Kokstad is a town in the Harry Gwala District Municipality of KwaZulu-Natal Province, South Africa. Kokstad is named after the Griqua chief Adam Kok III who settled here in 1863. Kokstad is the capital town of the East Griqualand region, as it is also the biggest town in this region. It was built around Mount Currie, a local mountain range, by the city's founder Adam Kok III, for whom the town is named. Stad is the Dutch and Afrikaans word for "city".

The town is built on the outer slopes of the Drakensberg and is 1,302 m above sea level. Behind it Mount Currie rises to a height of 2,224 m.

It is a centre for cheese and other dairy products.

Kokstad has the N2 Highway south of the town's CBD. The R56 leads from Kokstad to Cedarville (45 km), Matatiele (68 km) and Maluti leading to the border of Lesotho. The R617 is also a bisecting route leading from Kokstad to Underberg (109 km), Swartberg (41 km) and Bulwer (147 km).

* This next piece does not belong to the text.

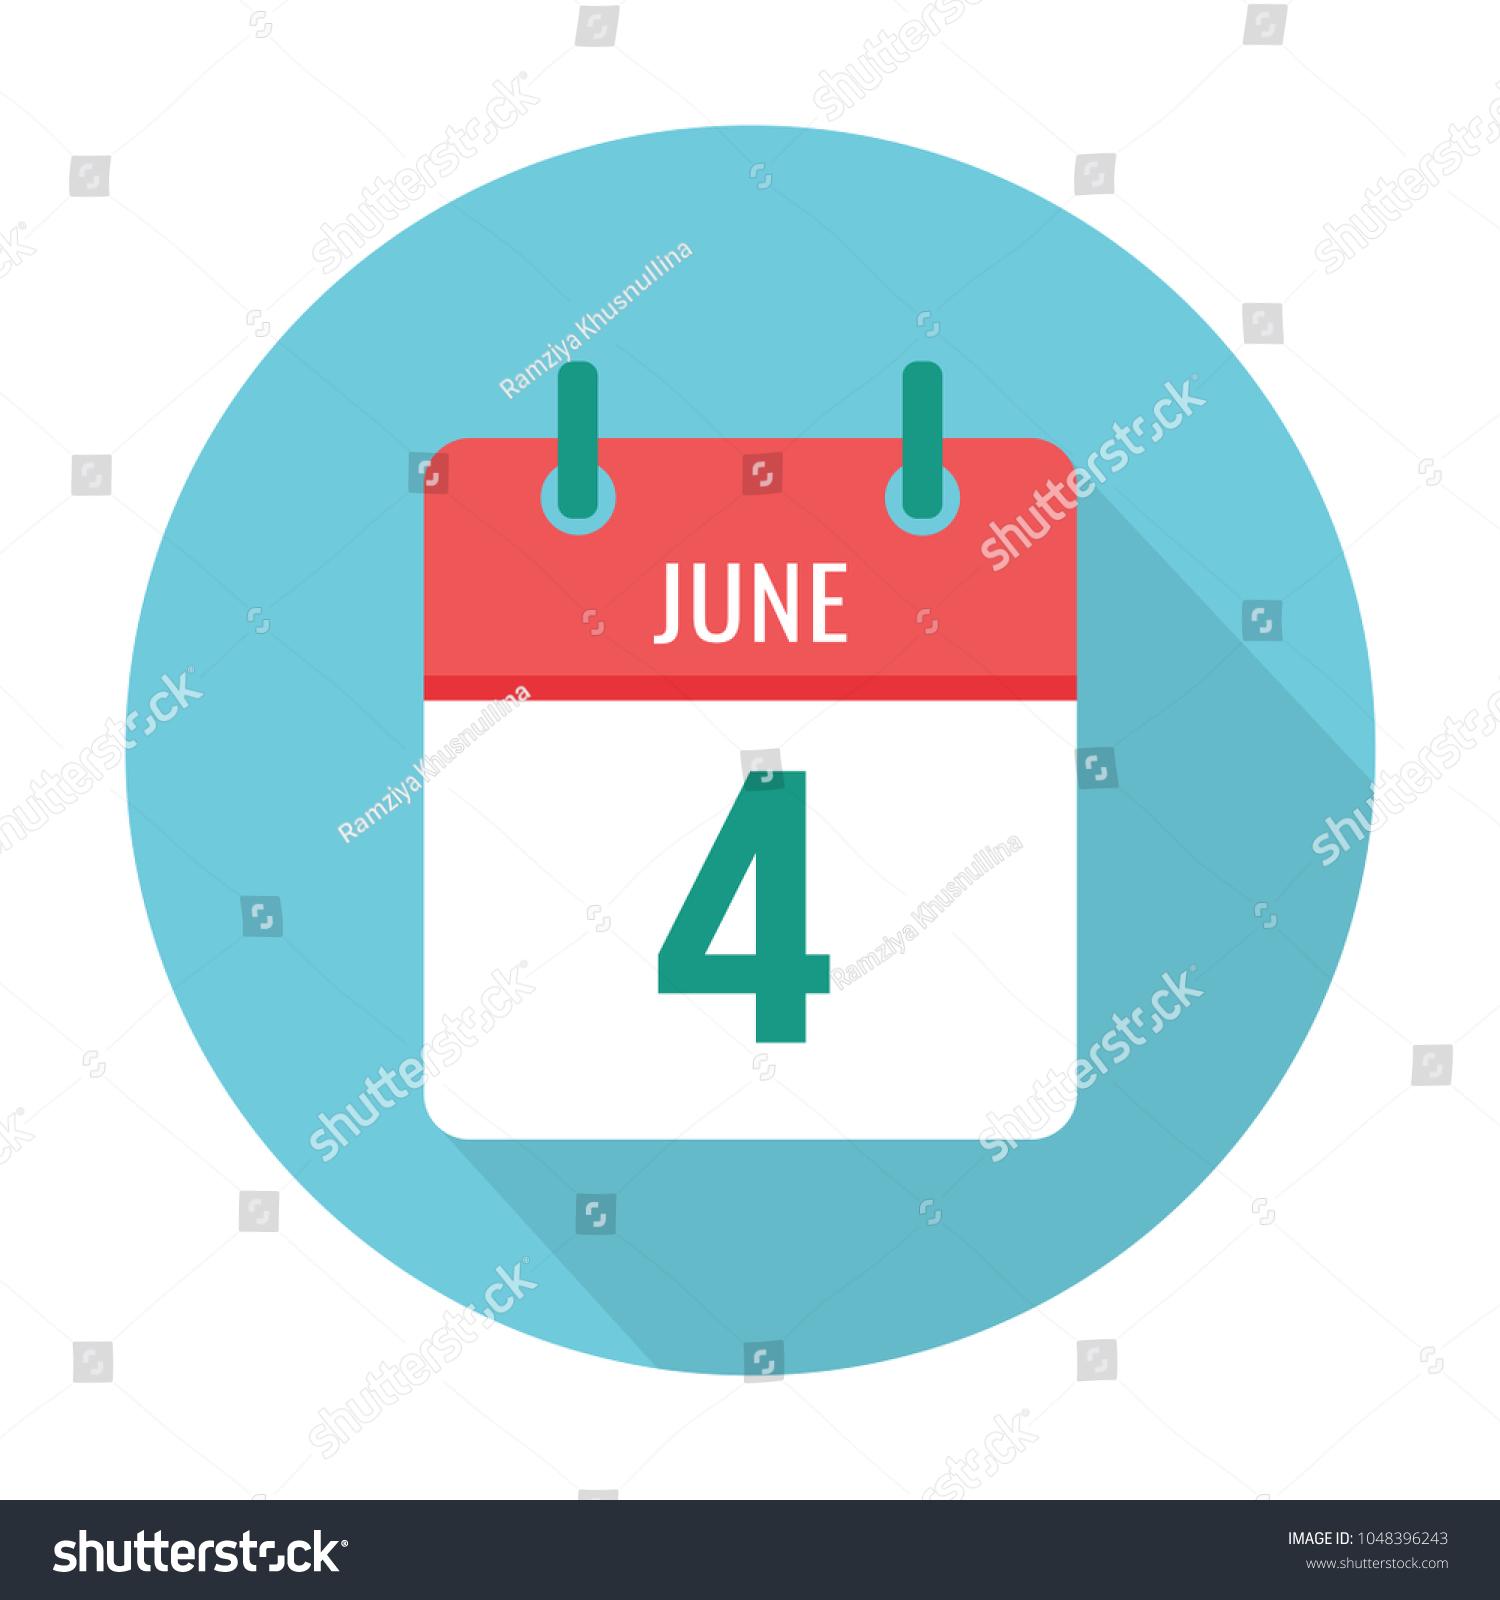 June 4 calendar icon flat international stock vector 1048396243 june 4 calendar icon flat international day of innocent children crane operator foundation biocorpaavc Choice Image

The N2, the national route, leads from Kokstad to the east to Port Shepstone (175 km), Durban (380 km) and to the south Mount Ayliff (57 km), Mthatha (180 km), East London (419 km) and Qonce (447 km).

Kokstad is 10 km from the Eastern Cape border on the N2.

The majority of residents can speak IsiXhosa as well as IsiZulu.

Kokstad has no rural villages to date. It is a farming community with majority of its countryside land being cattle farms or residential farms.

History 
In 1820 the Griqua tribe which lived in Griquatown (in central South Africa) split and under the leadership of Adam Kok III, descendant of the former cook who established the tribe, one section first moved to Philippolis (southern Free State). In 1861 several hundred Griquas moved across the Drakensberg down the Ongeluks Nek to the vicinity of modern Kokstad. They moved because of the growing confrontation they faced with the Voortrekkers who had moved north of the Orange River to escape the laws of the British. The Voortrekkers, largely Dutch, secured leases over Griqua land and then refused to return the land at the end of the lease. The Big Hole of Kimberley was at the centre of controversy over one such lease.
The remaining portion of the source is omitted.